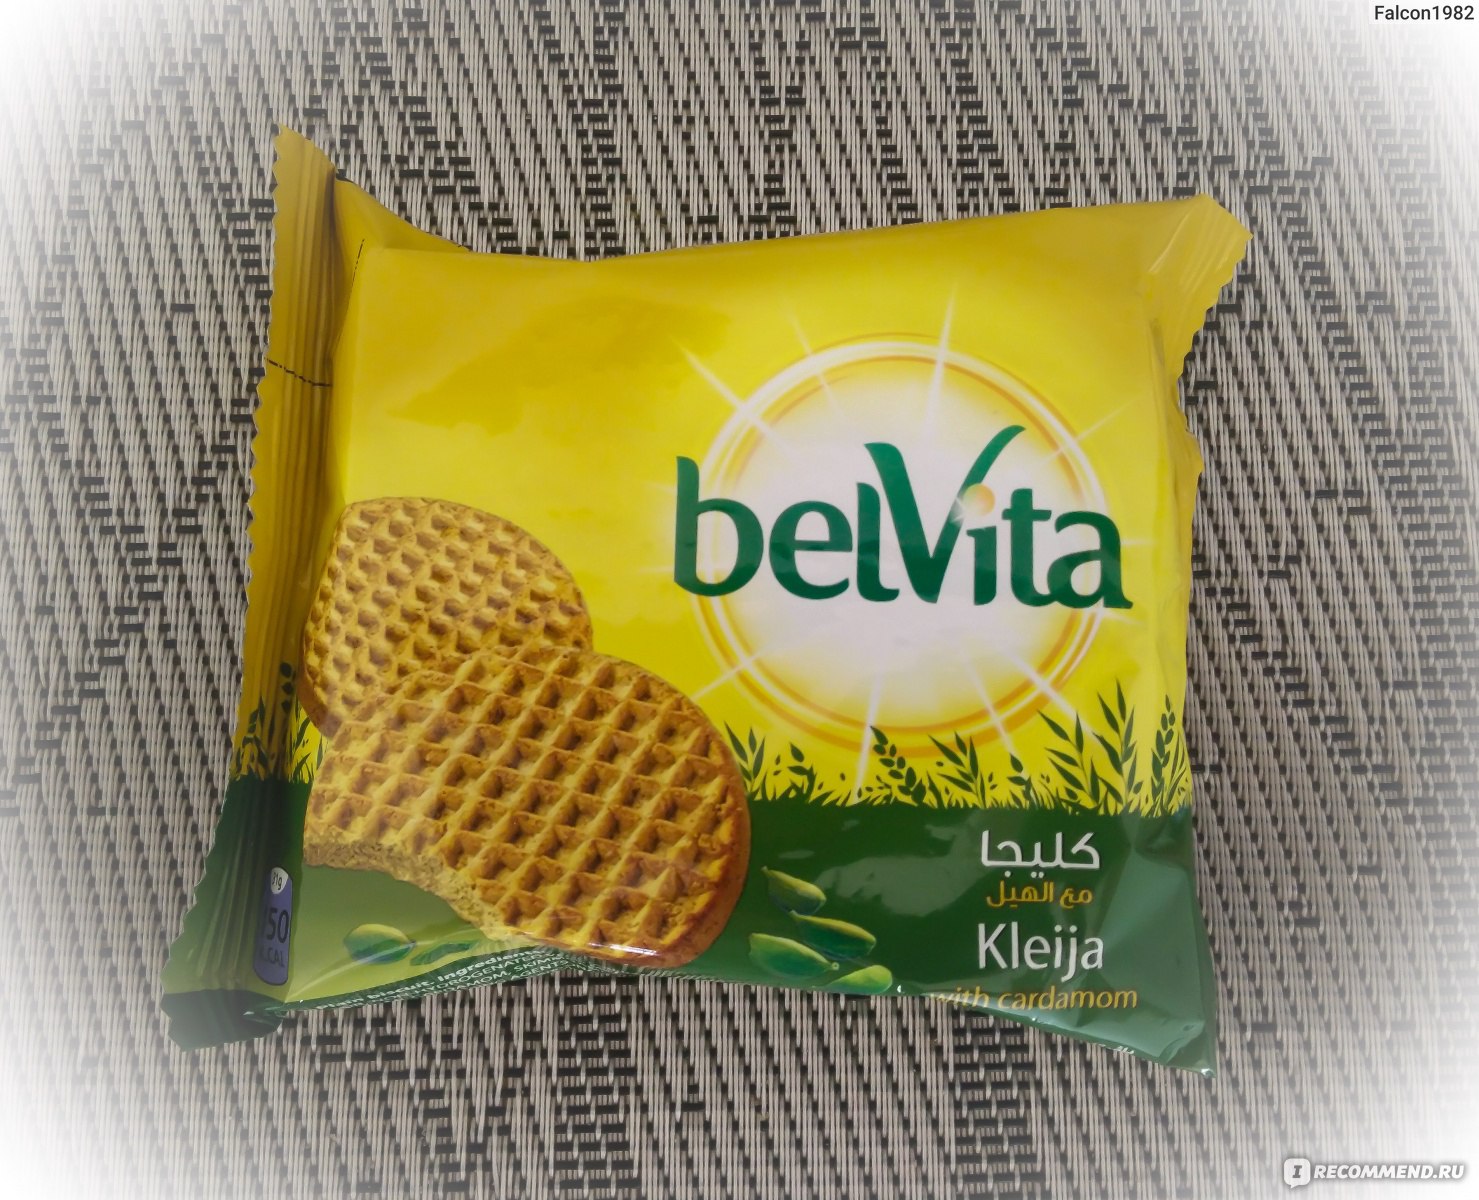 Категория: Разные продукты Бренд: Belvita Тип продукта: Печенье.
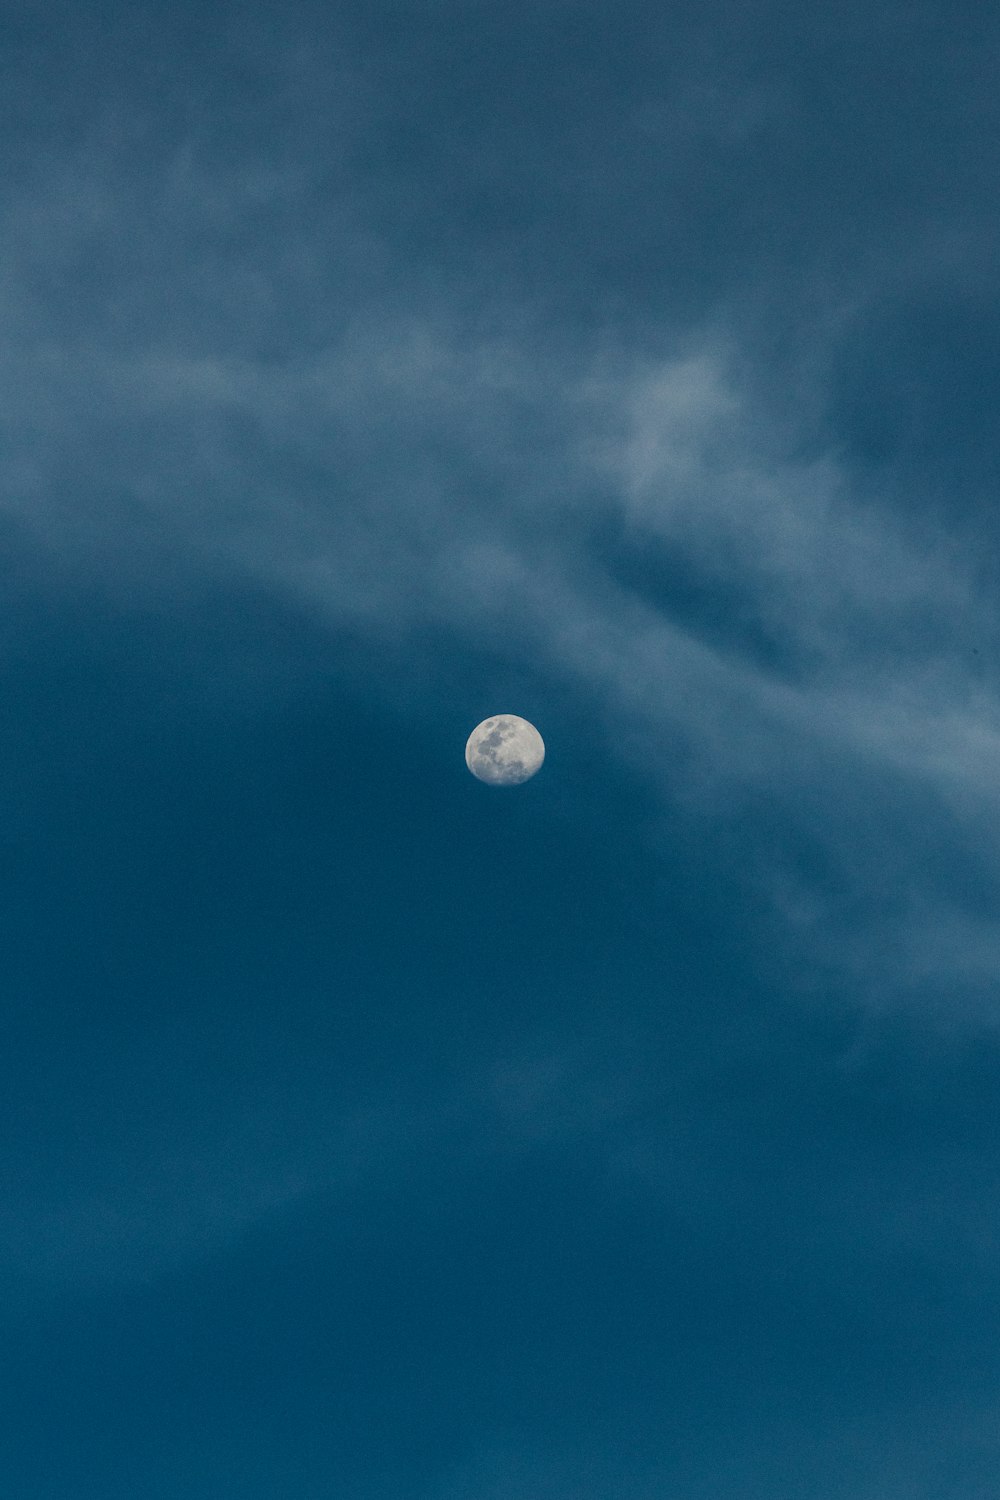 moon over clear sky
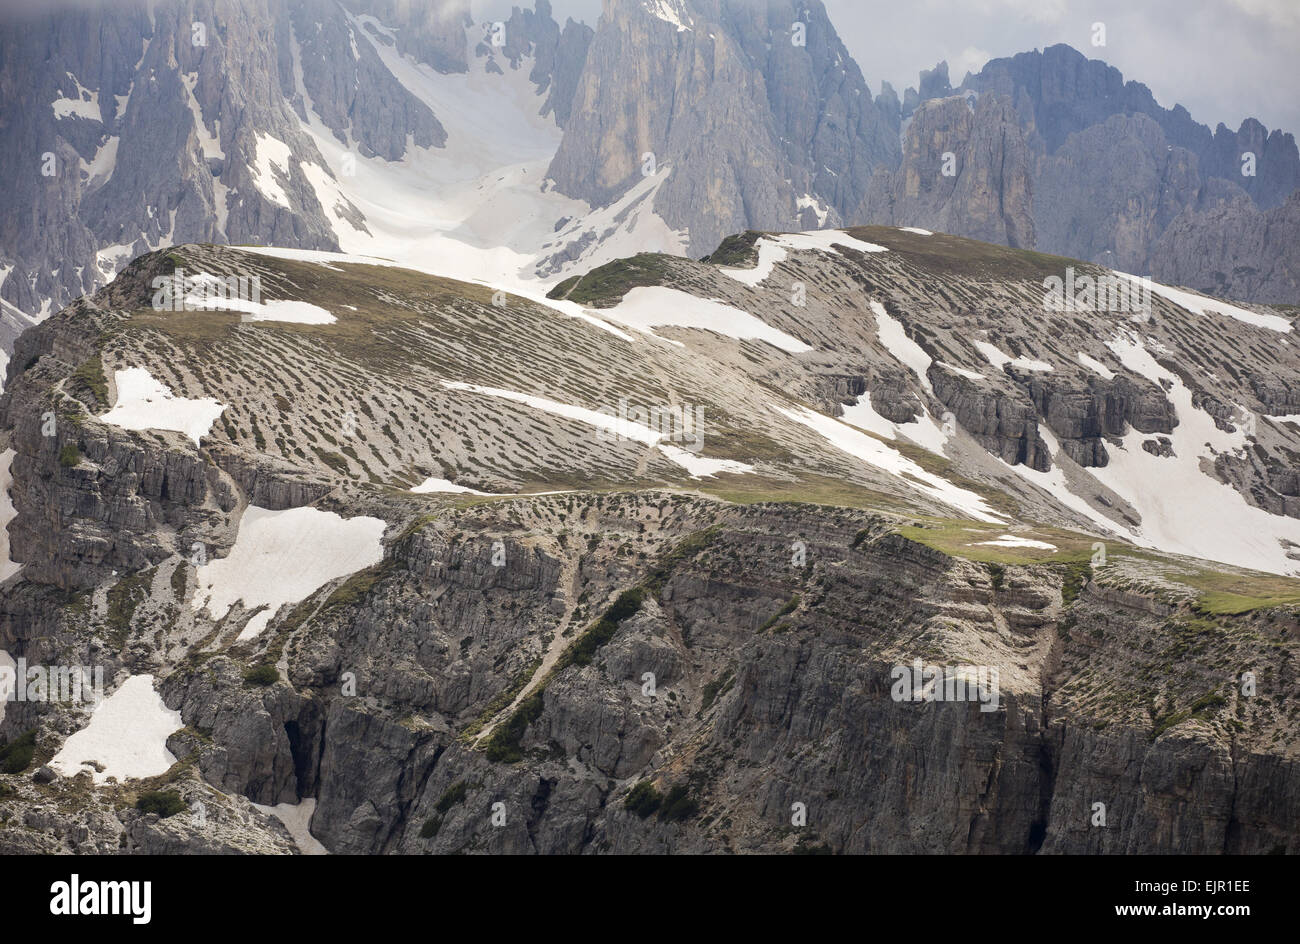 Bandes de pierre de gel dans la toundra d'altitude, Dolomites, Alpes italiennes, l'Italie, juin Banque D'Images

^^^^

About this task » Write out the whole listing above exactly, minus images.

Exercise result »
 Категория: Разные продукты Бренд: Belvita Тип продукта: Печенье.
 moon over clear sky
 Bandes de pierre de gel dans la toundra d'altitude, Dolomites, Alpes italiennes, l'Italie, juin Banque D'Images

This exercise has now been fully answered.